Since these data are from a normal distribution, we can look at a row (or column) to see what the mean and standard deviation are.
mean(m3[,1])
## [1] 4.345614
sd(m3[,1])
## [1] 2.104432
# or a row
mean(m3[1,])
## [1] 4.263493
sd(m3[1,])
## [1] 1.490555
There are some useful convenience functions for computing means and sums of data in all of the columns and rows of matrices.
colMeans(m3)
## [1] 4.345614 4.628478 5.097733 5.711541 5.171218 4.974755 4.847533 4.931225
## [9] 5.162024 6.280296
rowMeans(m3)
## [1] 4.263493 5.320054 5.441344 5.287590 5.633510 4.941104 5.039043 5.013403
## [9] 5.063764 5.147110
rowSums(m3)
## [1] 42.63493 53.20054 54.41344 52.87590 56.33510 49.41104 50.39043 50.13403
## [9] 50.63764 51.47110
colSums(m3)
## [1] 43.45614 46.28478 50.97733 57.11541 51.71218 49.74755 48.47533 49.31225
## [9] 51.62024 62.80296
We can look at the distribution of column means:
# save as a variable
cmeans = colMeans(m3)
summary(cmeans)
## Min. 1st Qu. Median Mean 3rd Qu.

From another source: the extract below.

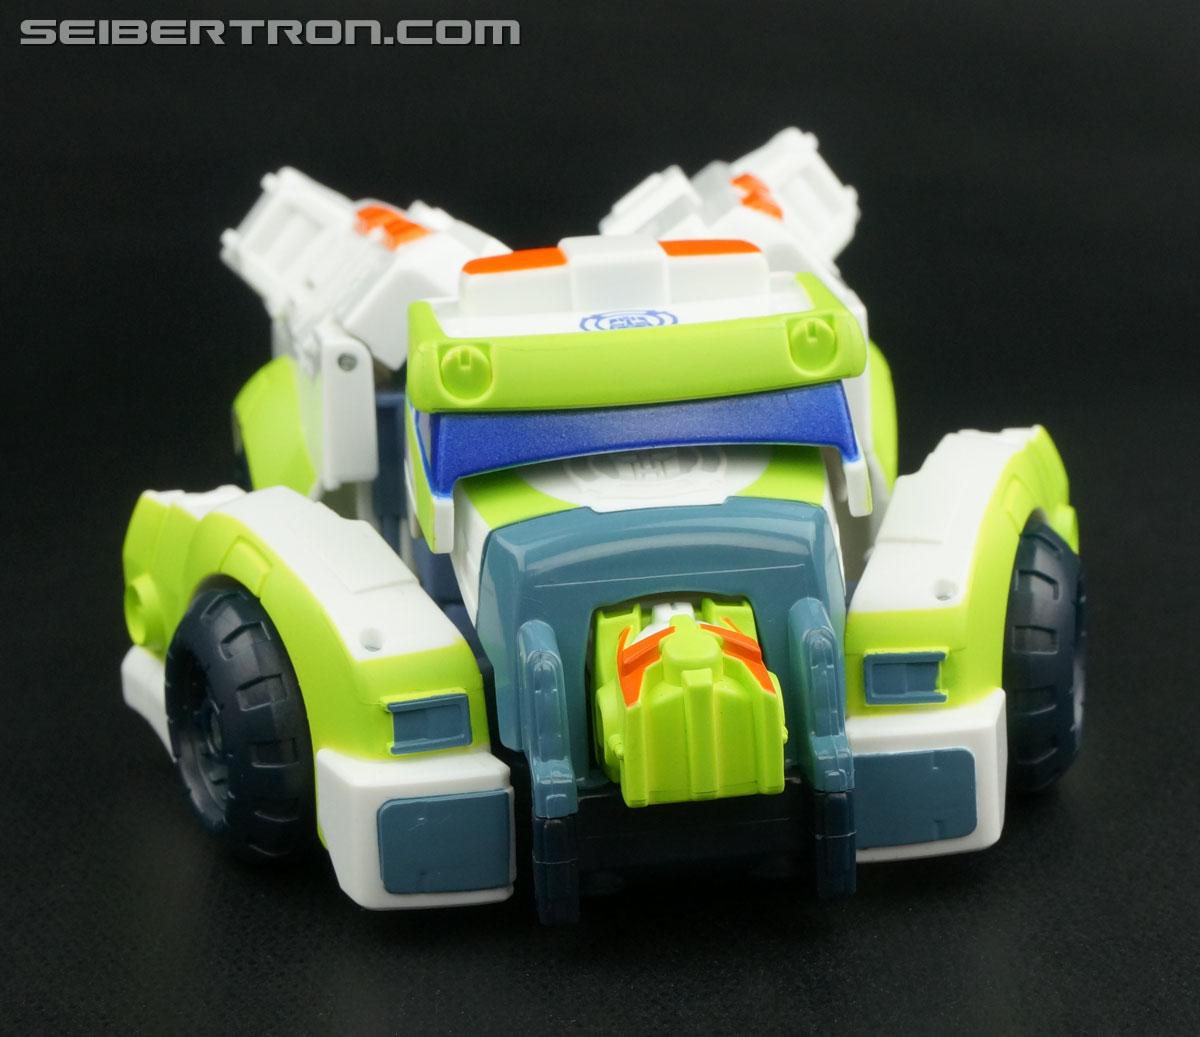 Transformers Rescue Bots Medix the Doc-Bot (Image #52 of 61)

Max.
## 4.346 4.868 5.036 5.115 5.169 6.280
Note that this is centered pretty closely around the selected mean of
5
above.
How about the standard deviation? There is not a colSd
function, but it turns out that we can easily apply functions that take
vectors as input, like sd
and “apply” them across either
the rows (the first dimension) or columns (the second) dimension.
csds = apply(m3, 2, sd)
summary(csds)
## Min. 1st Qu. Median Mean 3rd Qu. Max.
## 1.186 2.038 2.144 2.116 2.316 2.903
Again, take a look at the distribution which is centered quite close to the selected standard deviation when we created our matrix.